В первоначальный период канонический вайянг топенг включал три танца: танец мудрого правителя, отважного принца и коварного раксасы. Маски тогда изображали только характер. Но по мере обогащения репертуара театра, увеличения числа персонажей, усложнения драматического действа маски совершенствовались, разнообразились. В XVIII столетии в коллекции кратона в Суракарте их было уже около четырехсот.
Актер, исполняющий, скажем, роль отважного воина, теперь по ходу предложенного представления менял свой лик в зависимости от характера действа. Одну маску он надевал, чтобы передать тоску, вызванную разлукой с любимой, другую — чтобы изобразить решительность и отвагу в битве с великаном, третью — чтобы выразить радость по поводу счастливого завершения приключений.

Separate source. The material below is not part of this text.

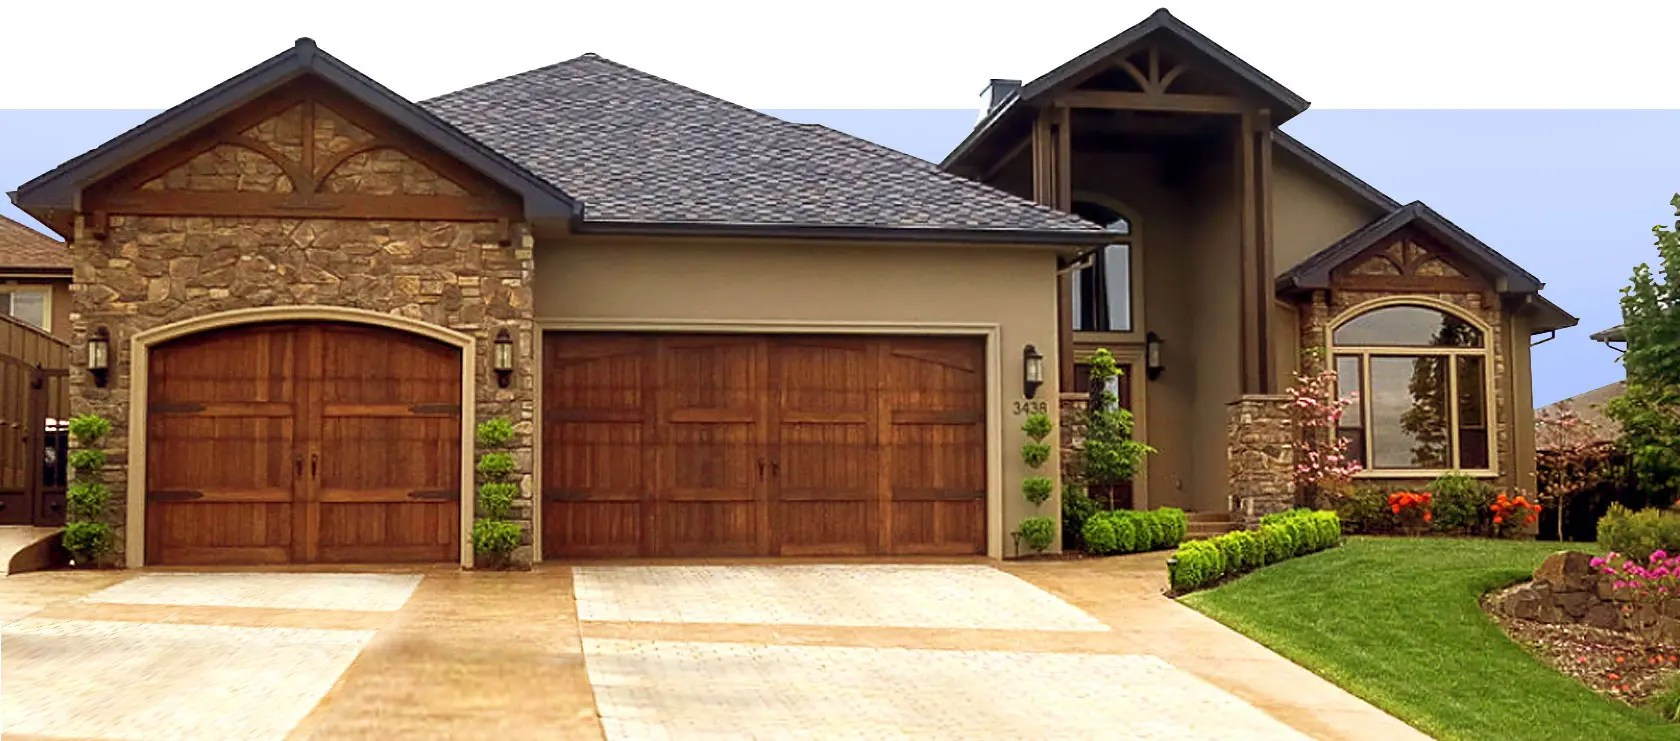 American Eagle Garage Doors Llc Best Eagle 2018

В вайянг топенге даланг, хоть и остается центральной фигурой, уже не играет свойственной ему в кукольном театре доминирующей роли. Здесь он делится славой с танцорами, оживляющими маски. По словам известного индонезийского искусствоведа Сурьябраты, танец-драма — это «не просто танец с маской на лице, а действие, в результате которого актер делает маску живым образом».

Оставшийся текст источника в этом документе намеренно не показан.